WHAT THE EXERCISE ASKS =>
If an entry below holds a picture, leave the picture out and print the rest exactly.

-=-=-=-=-

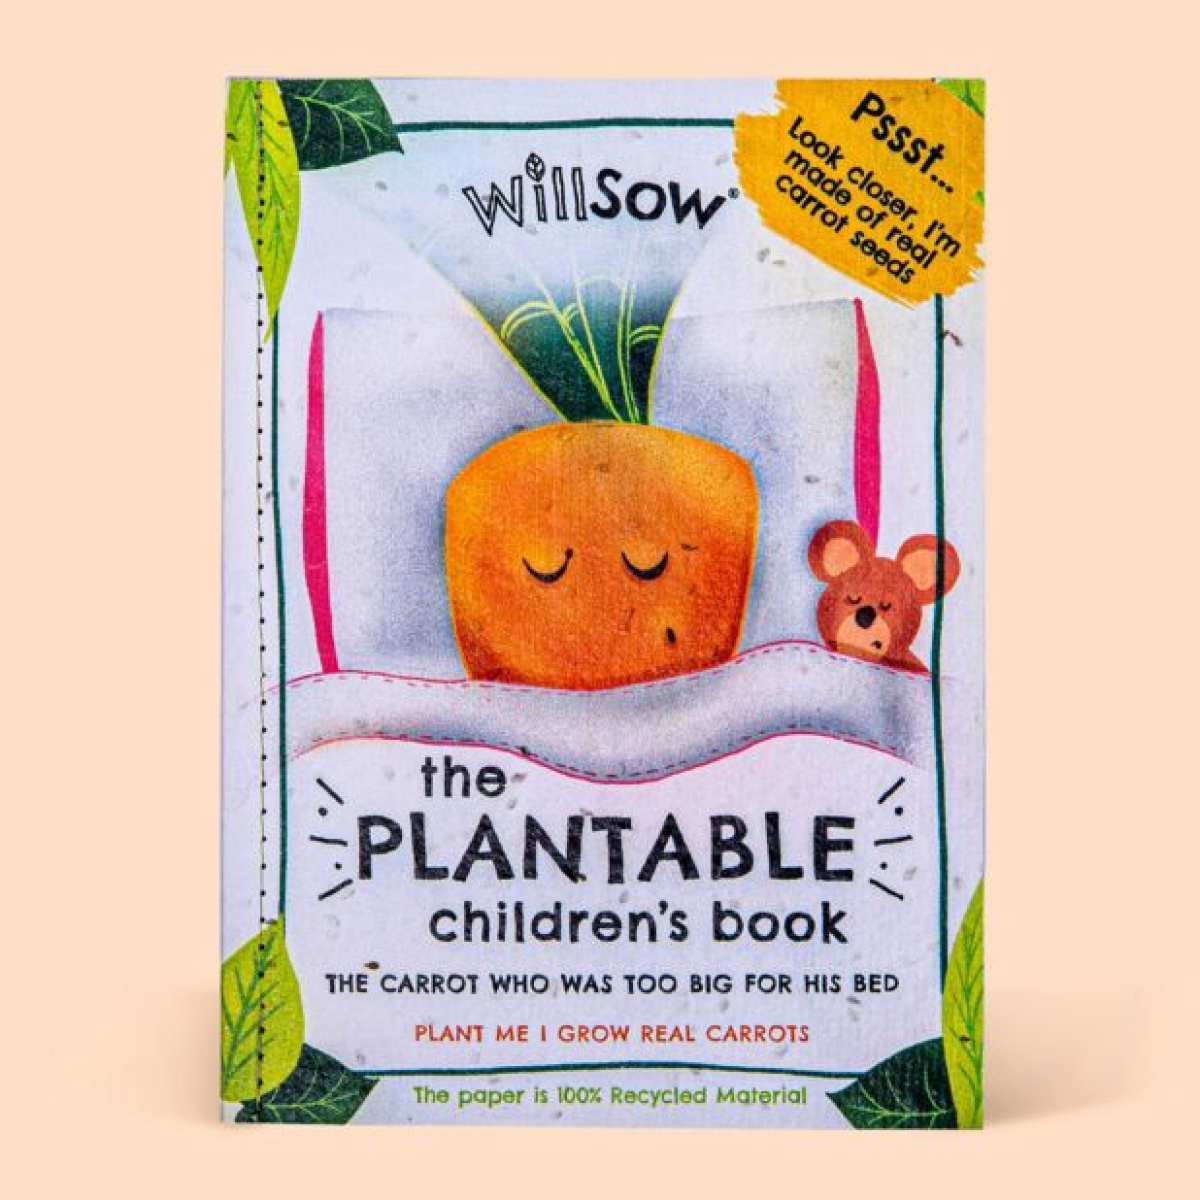 ‘The Carrot Who Was Too Big For His Bed’ Plantable Children’s Book
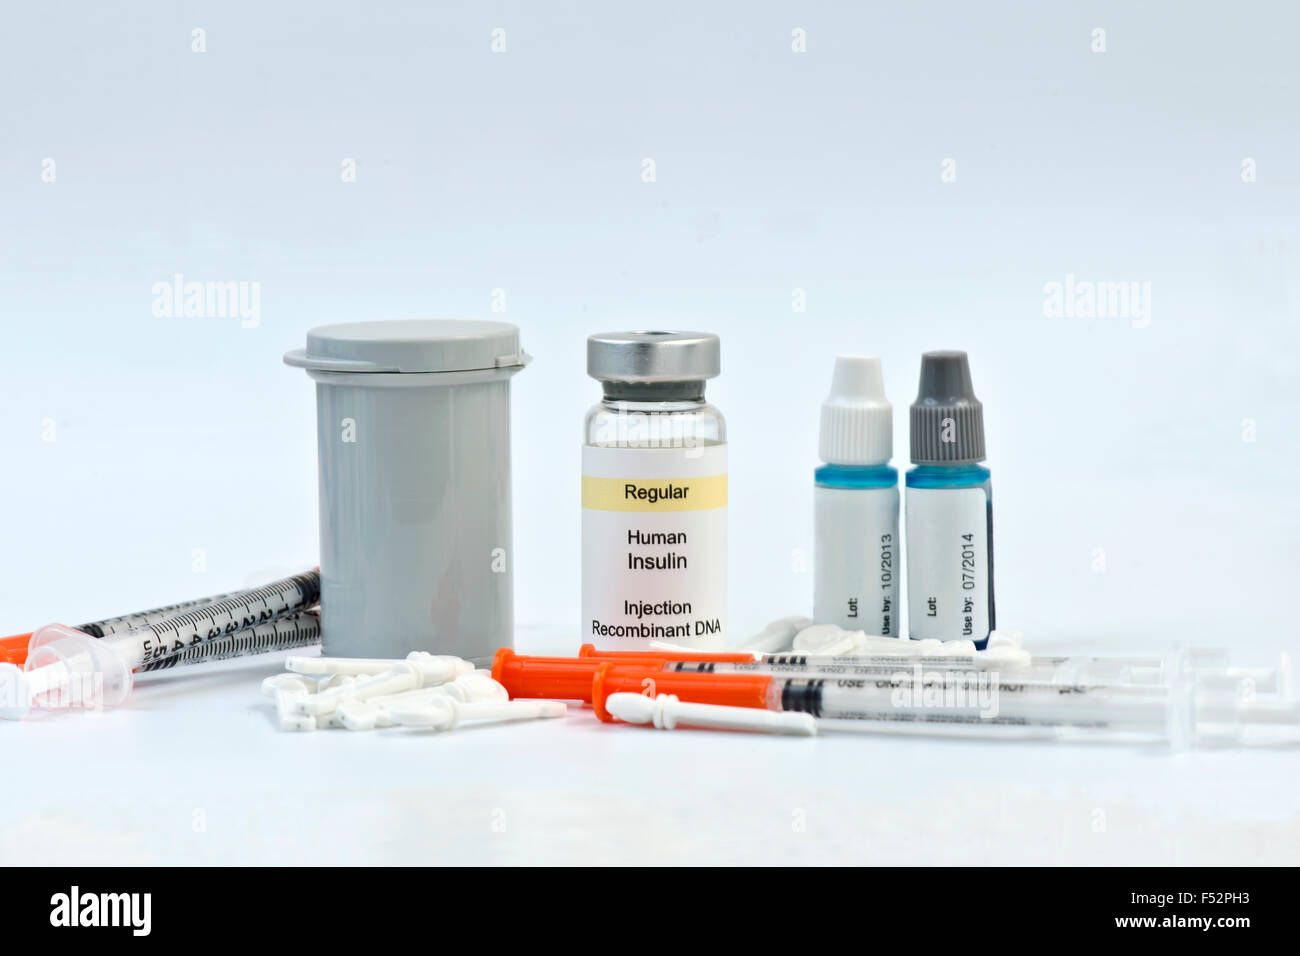 Diabetic testing strips, syringes, lancets, insulin and calibration solutions. Stock Photo
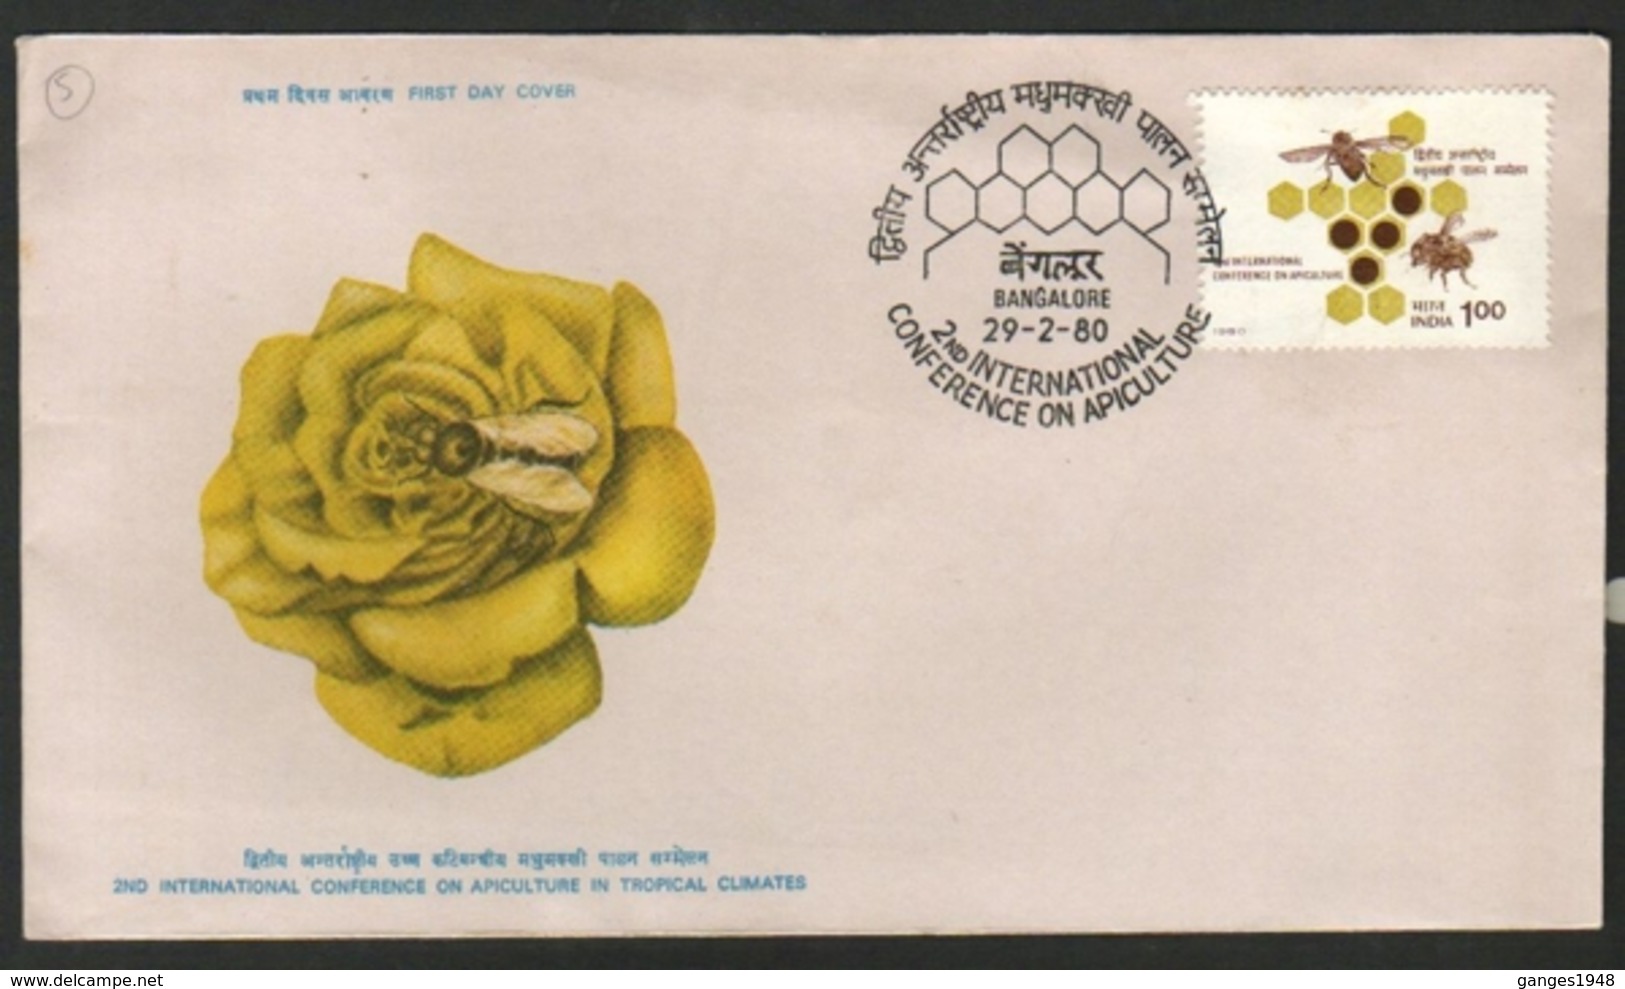 India  1980 Honeybees - 2nd Internation Conference On Apiculture  Bangalore  FD Cover  # 18861   D  Inde Indien - Bienen
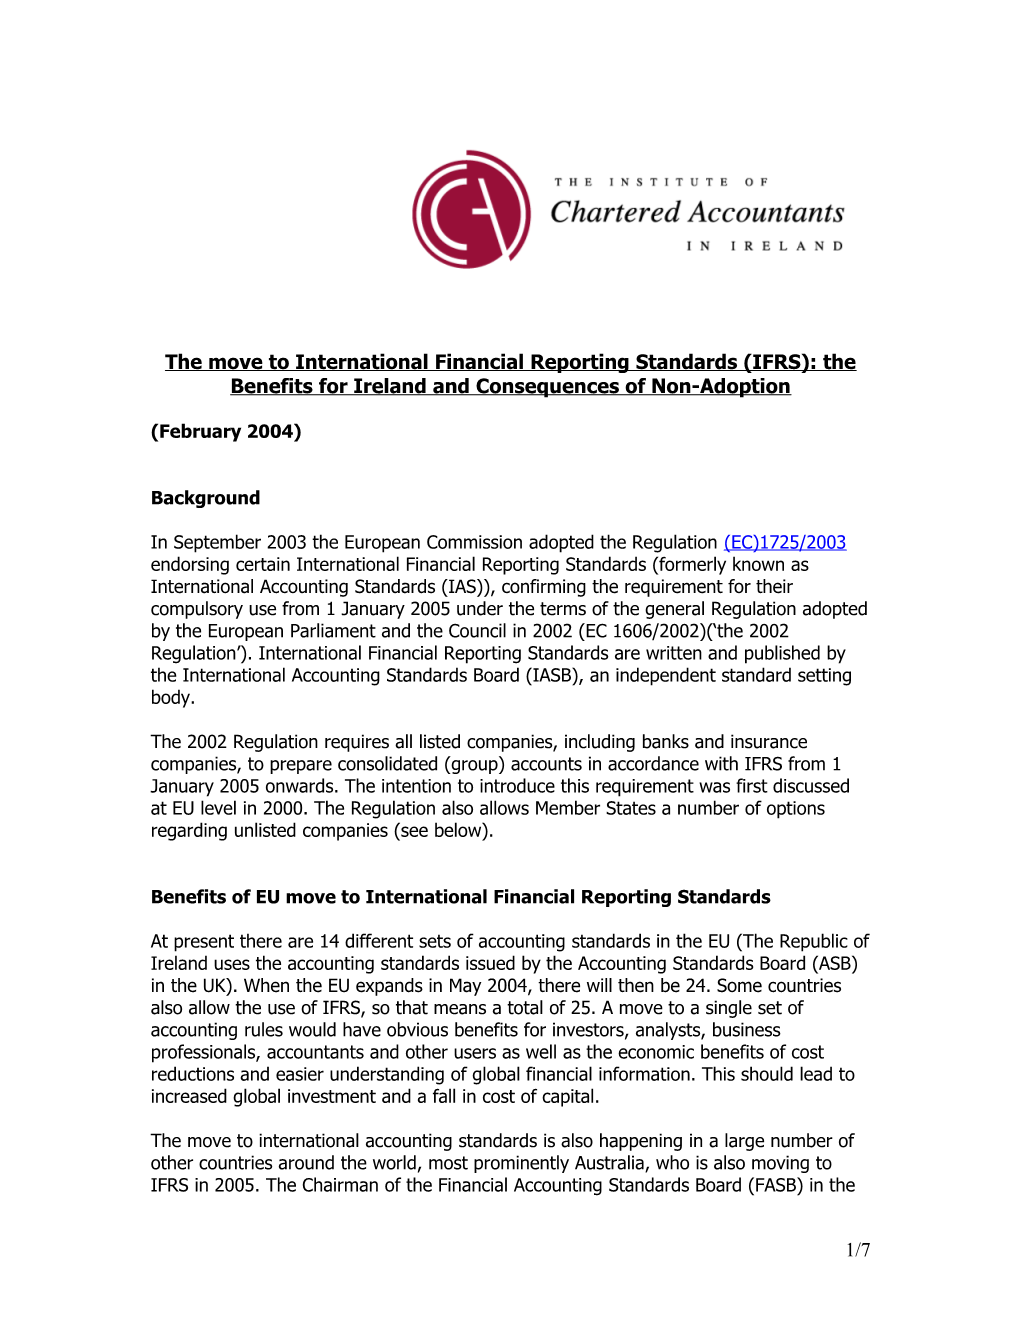 The Move to International Financial Reporting Standards (IFRS): the Benefits for Ireland
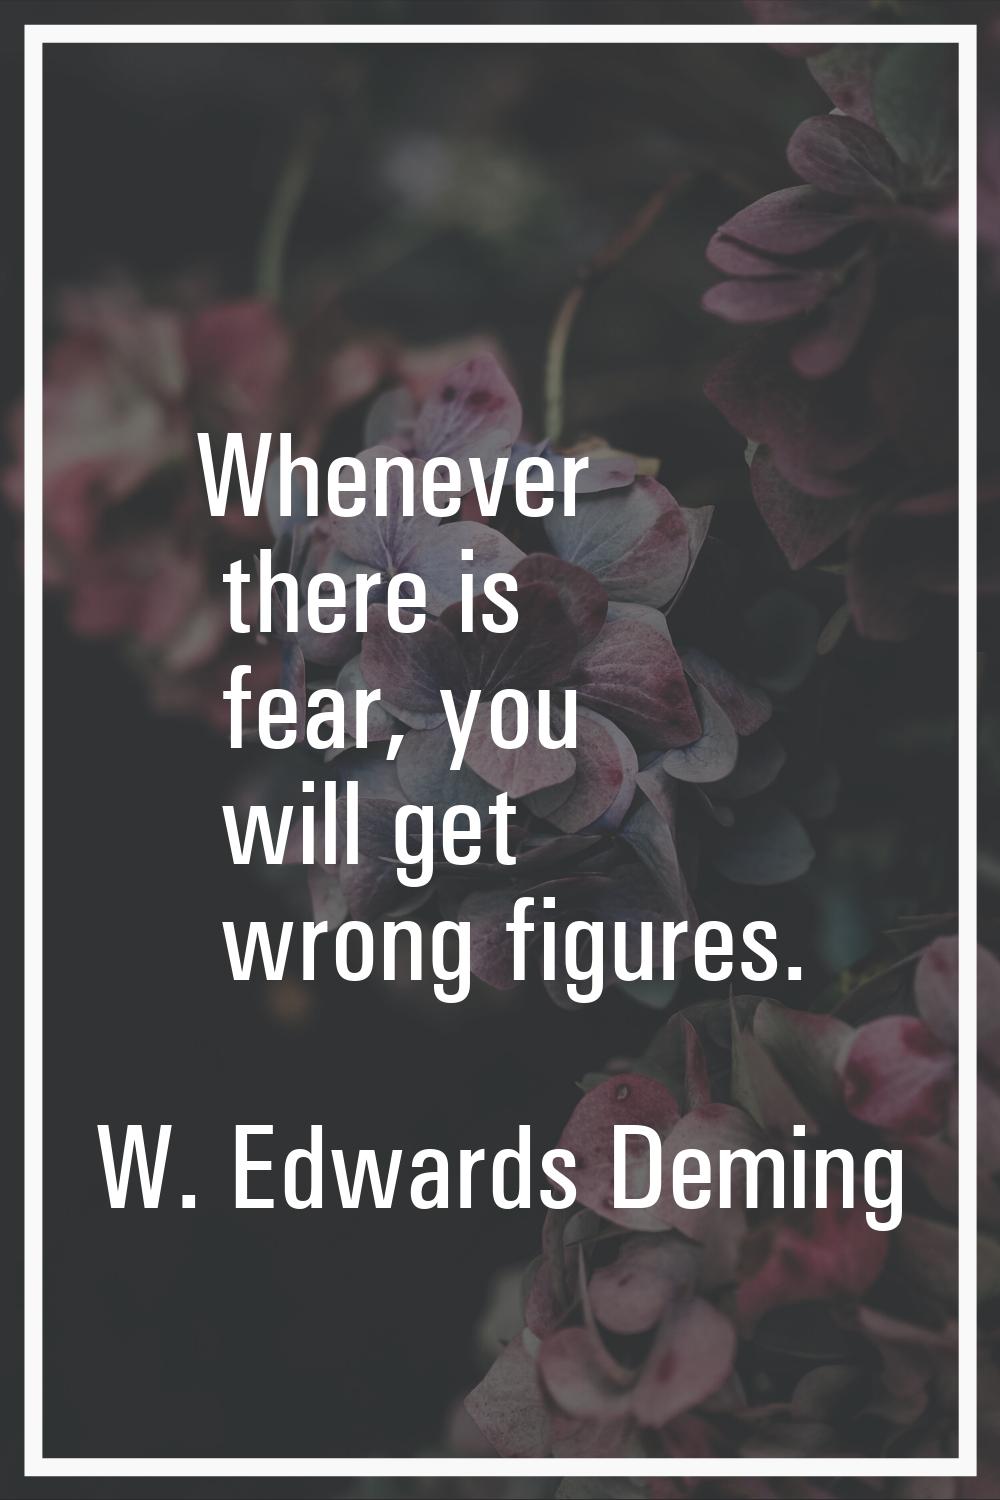 Whenever there is fear, you will get wrong figures.
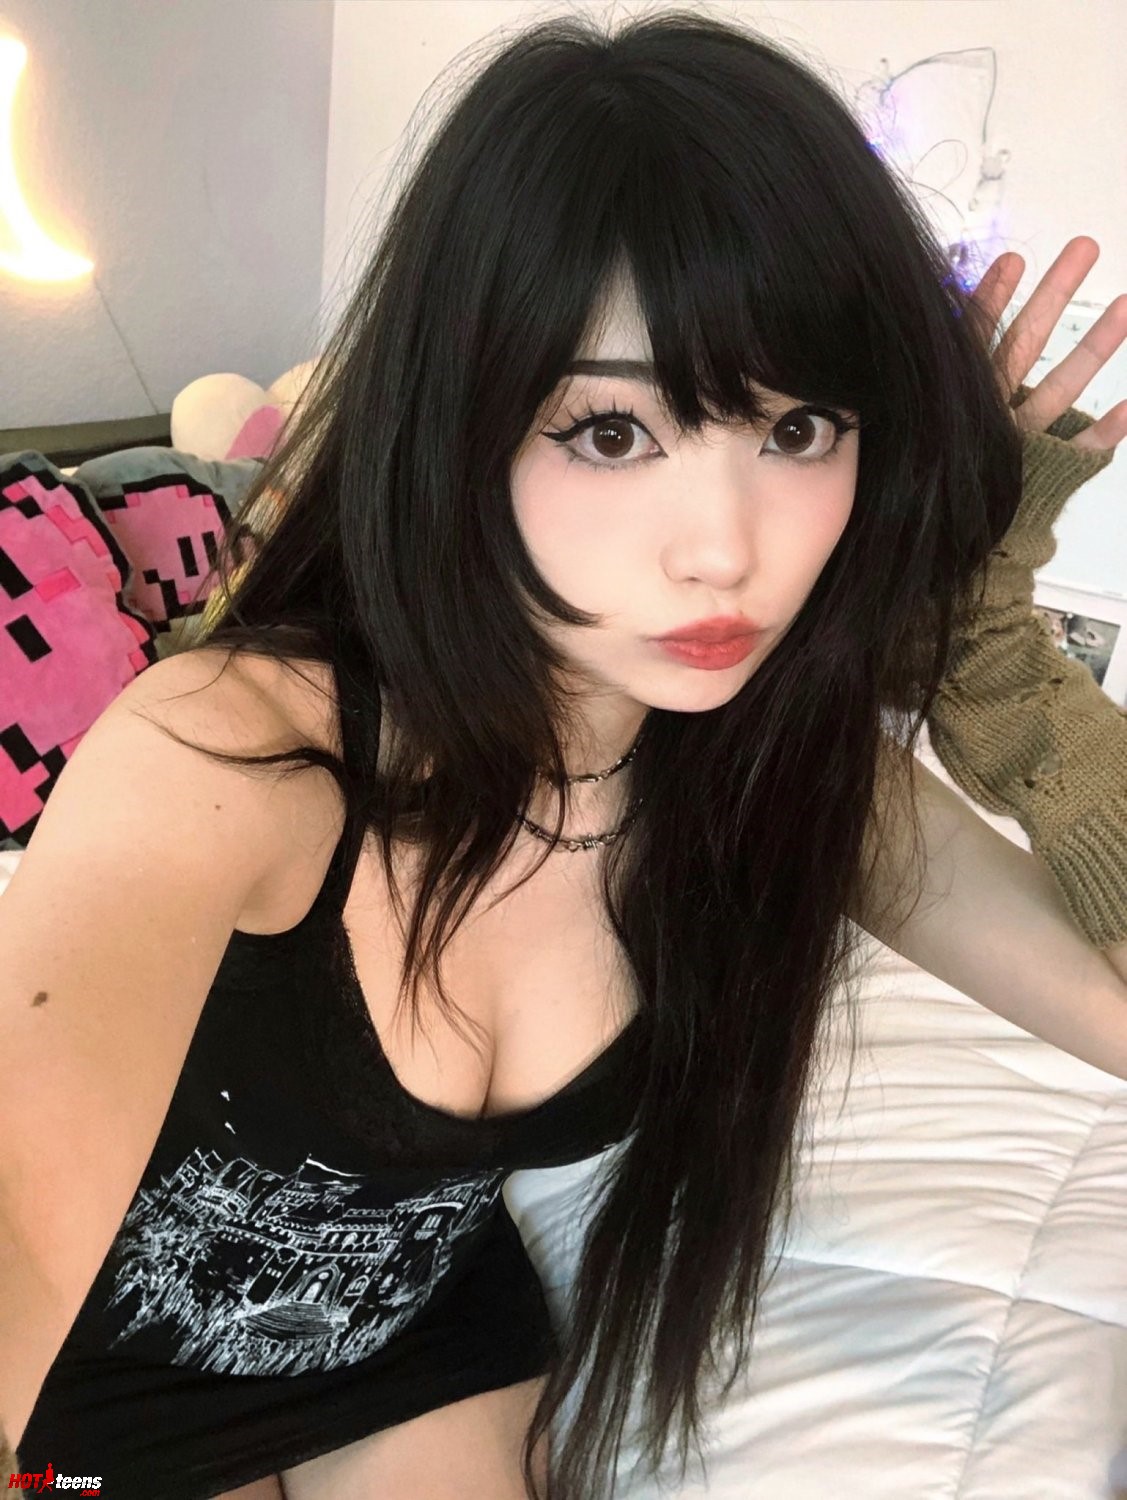 Explore Emiru's Most Intimate Moments in Stunning Nude Pics

-=-=-=-=-

COMPLETED EXERCISE =>
 ‘The Carrot Who Was Too Big For His Bed’ Plantable Children’s Book
 Diabetic testing strips, syringes, lancets, insulin and calibration solutions. Stock Photo
 India  1980 Honeybees - 2nd Internation Conference On Apiculture  Bangalore  FD Cover  # 18861   D  Inde Indien - Bienen
 The Move to International Financial Reporting Standards (IFRS): the Benefits for Ireland
 Whenever there is fear, you will get wrong figures.
 Explore Emiru's Most Intimate Moments in Stunning Nude Pics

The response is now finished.